* EXERCISE DESCRIPTION *
The output must consist only of the lines from the one with "AUSTRALIA - O" through the end of the listing, restated exactly and free of pictures.
─── SUPPLIED INFORMATION ───
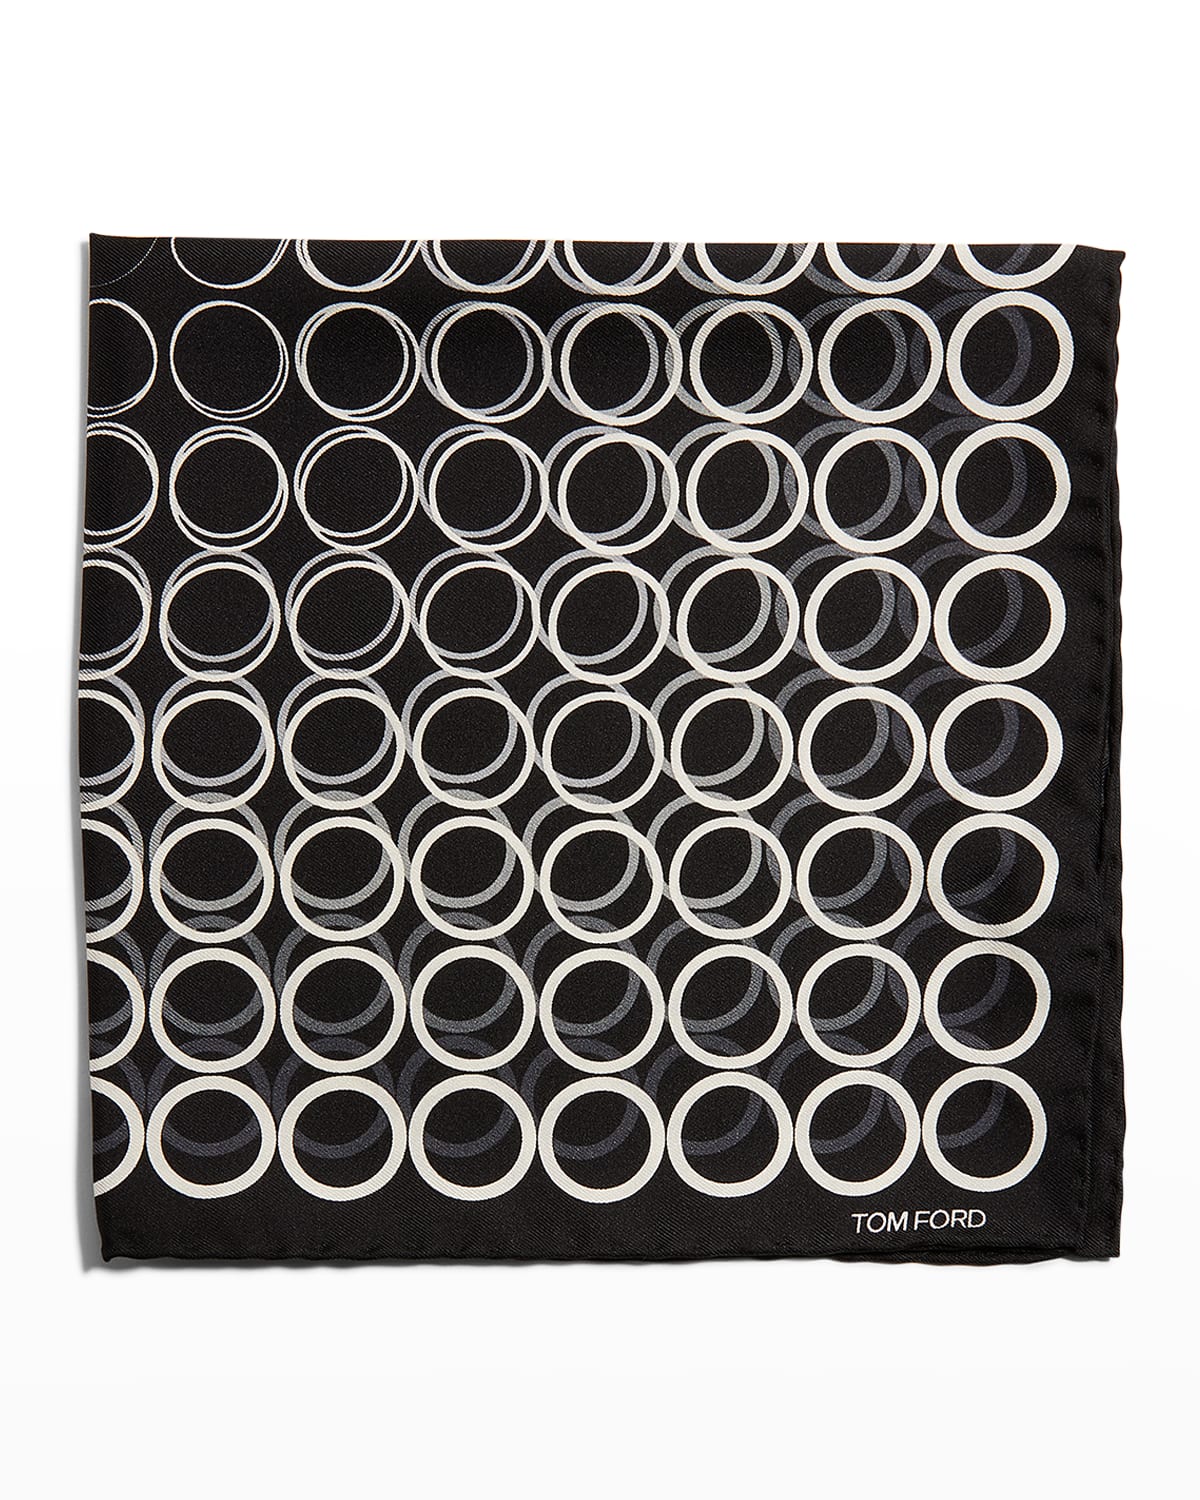 NEU 180 $ Tom Ford schwarz Weiß Dot Print silk pocket square
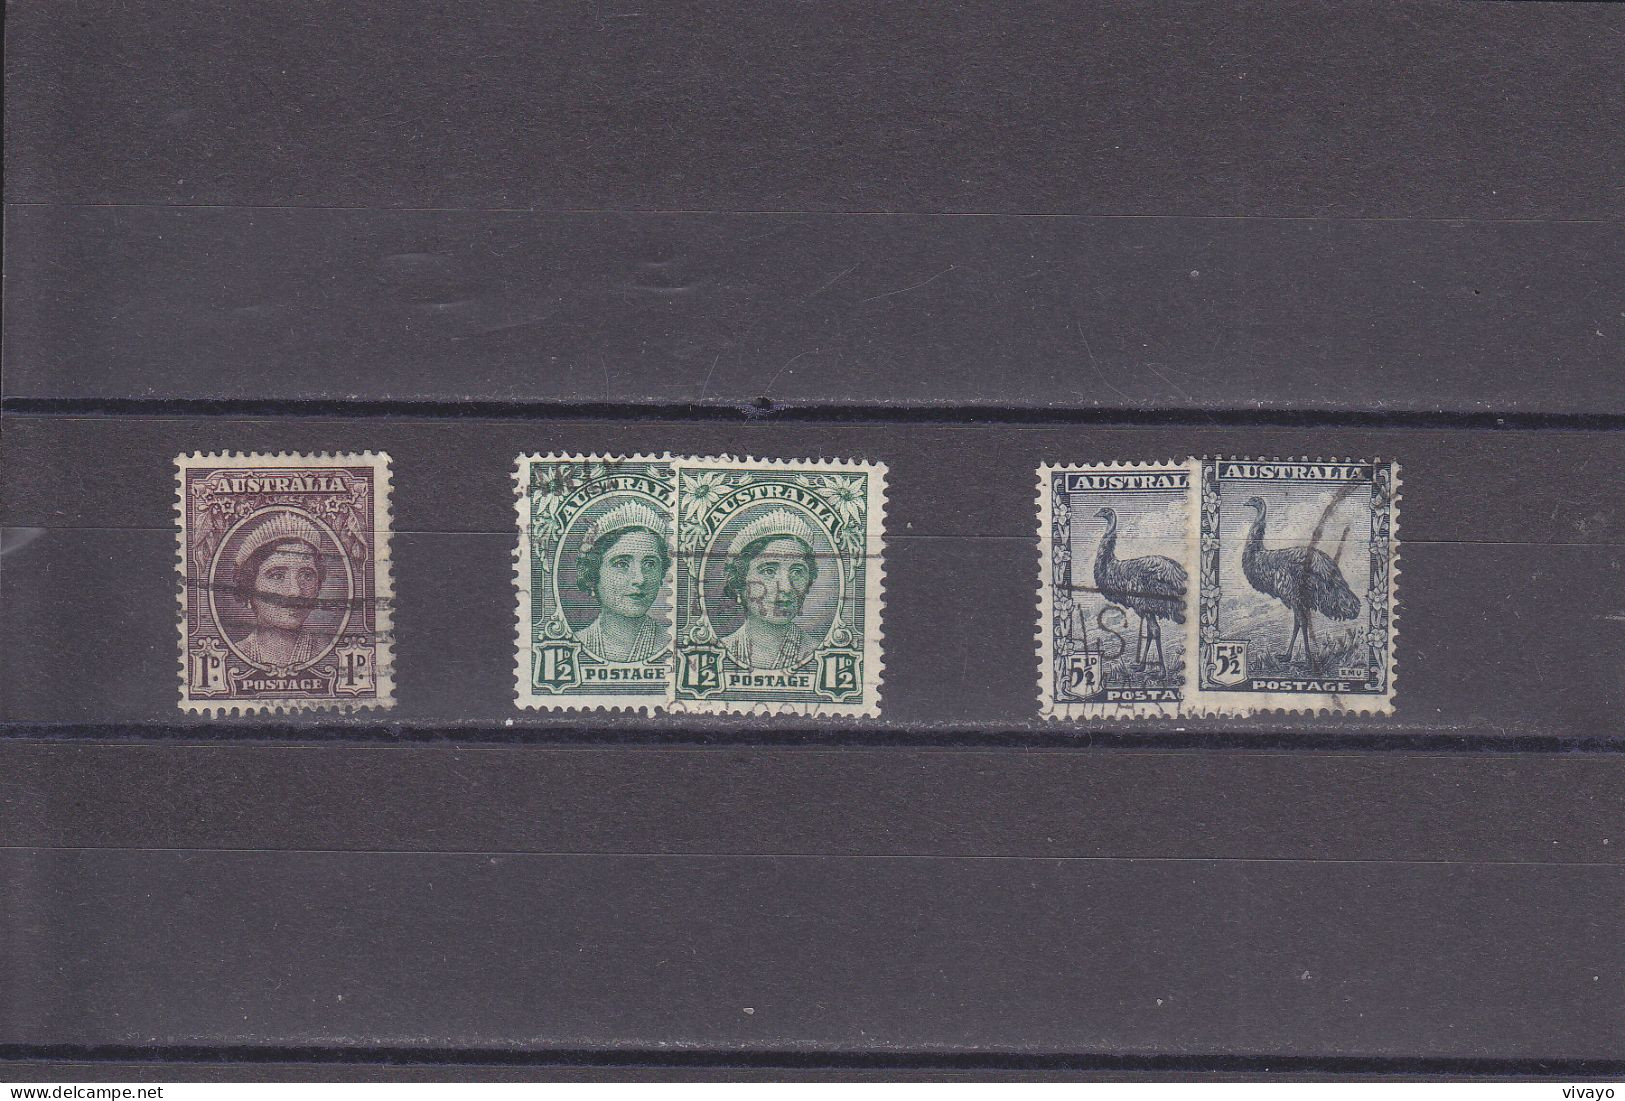 AUSTRALIA - O / FINE CANCELLED - 1942 / 1943 - QUEEN ELIZABETH, EMU - Yv. 135, 143, 144 - Mi. 163, 164, 168 - Used Stamps
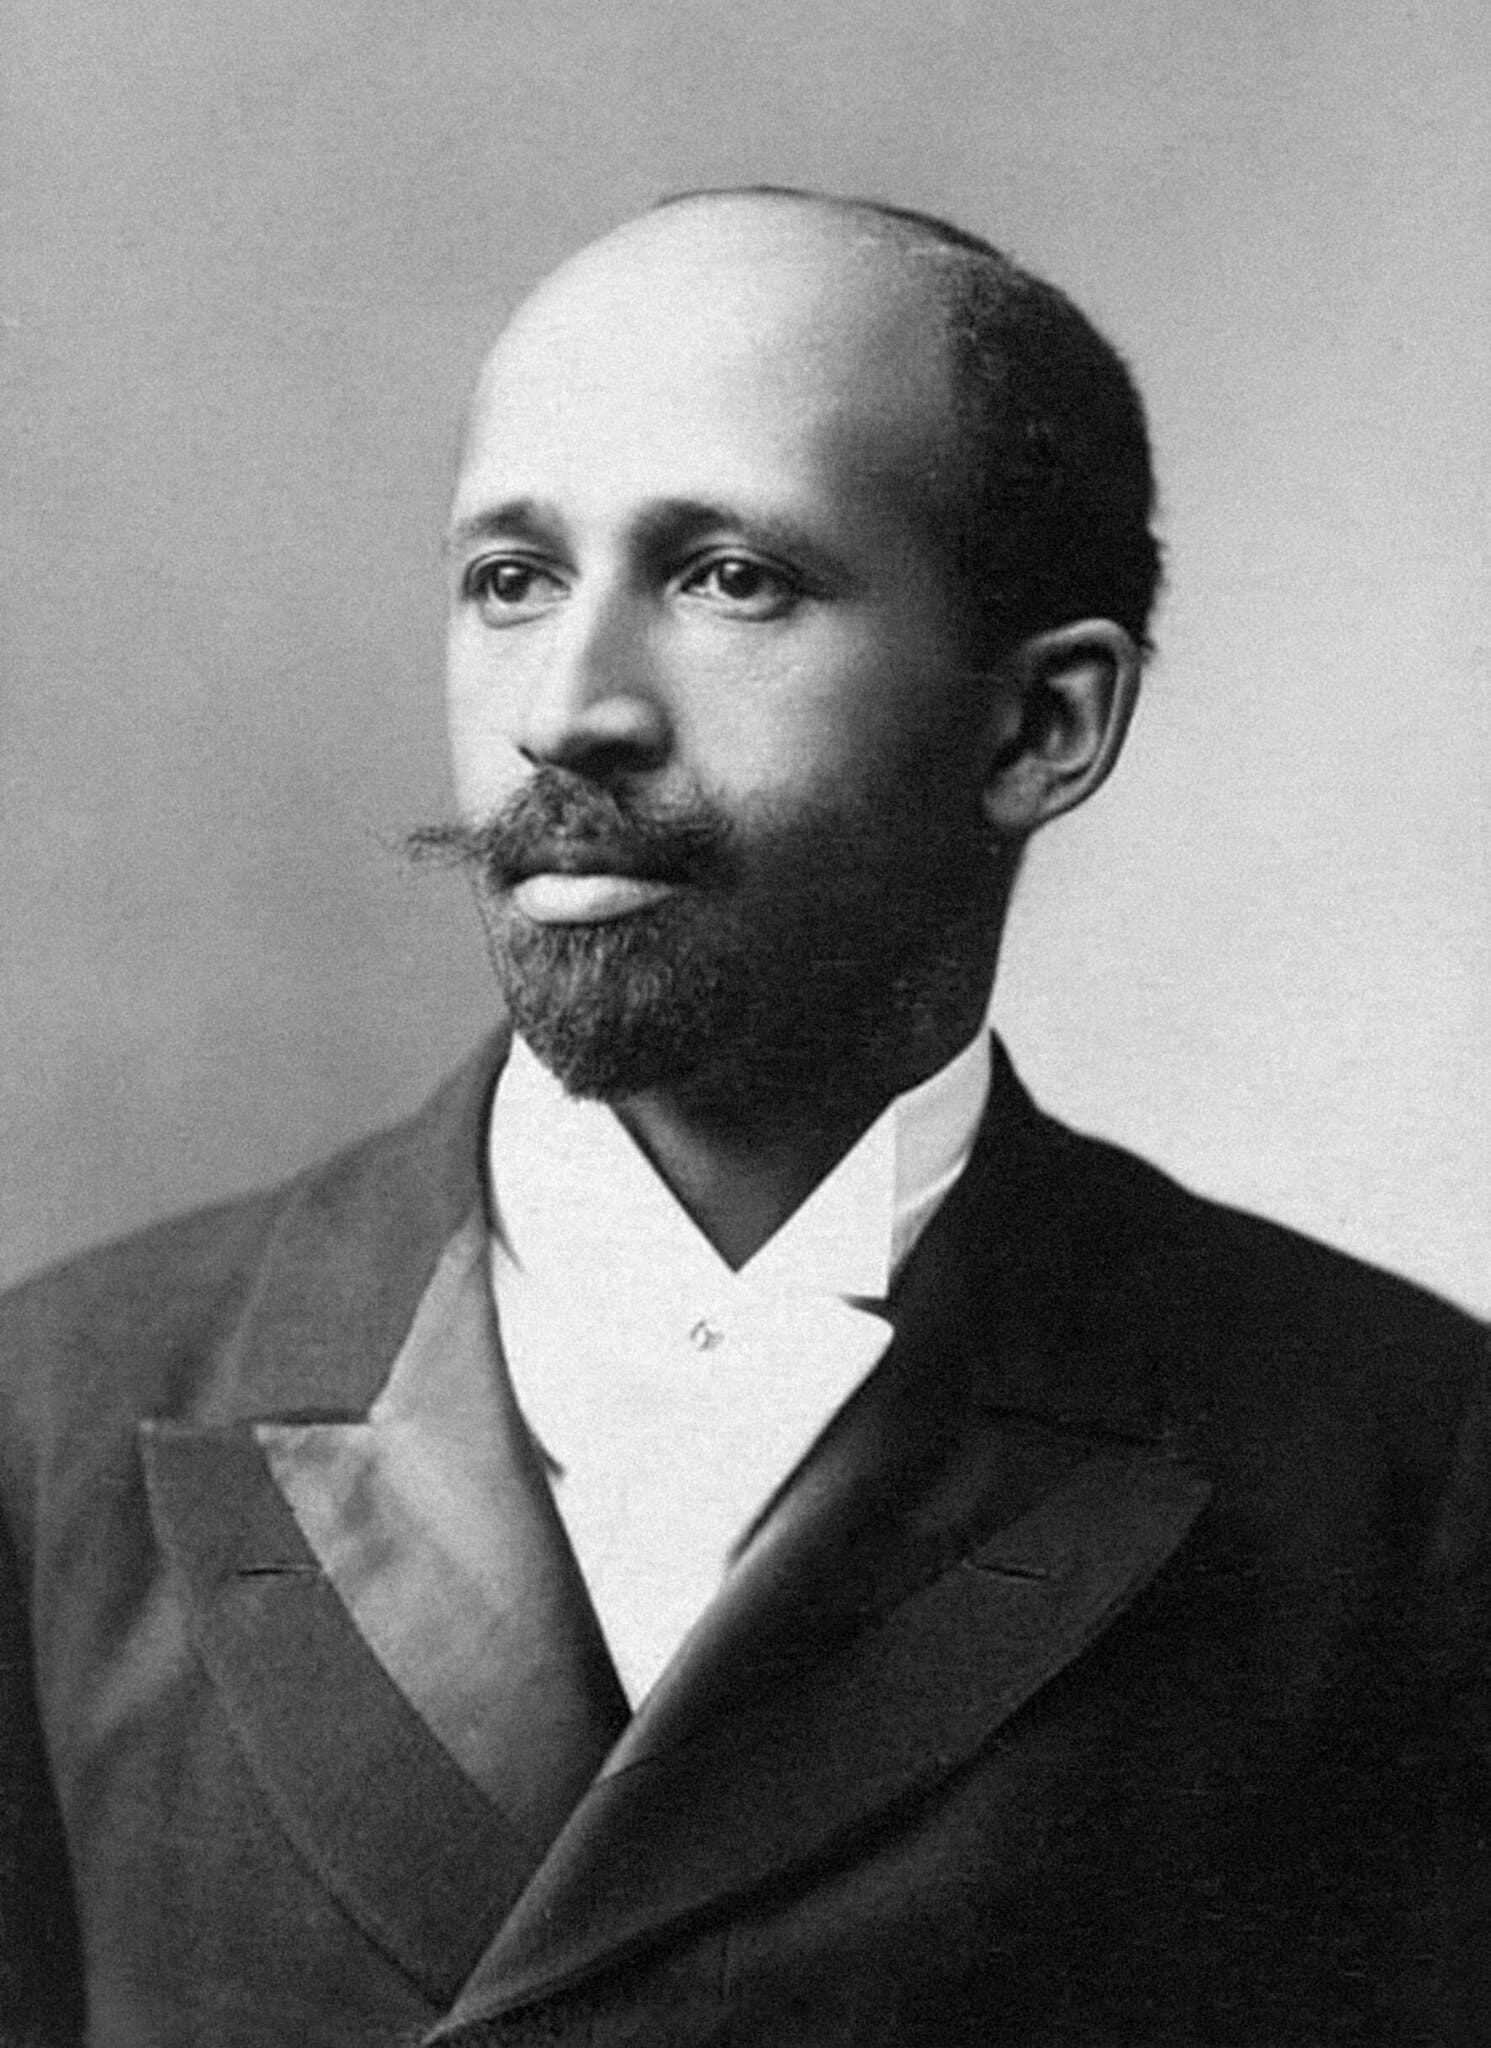 Black and white image of W.E.B. Du Bois
───
* OUTPUT FOR THIS EXERCISE *
 AUSTRALIA - O / FINE CANCELLED - 1942 / 1943 - QUEEN ELIZABETH, EMU - Yv. 135, 143, 144 - Mi. 163, 164, 168 - Used Stamps
 Black and white image of W.E.B. Du Bois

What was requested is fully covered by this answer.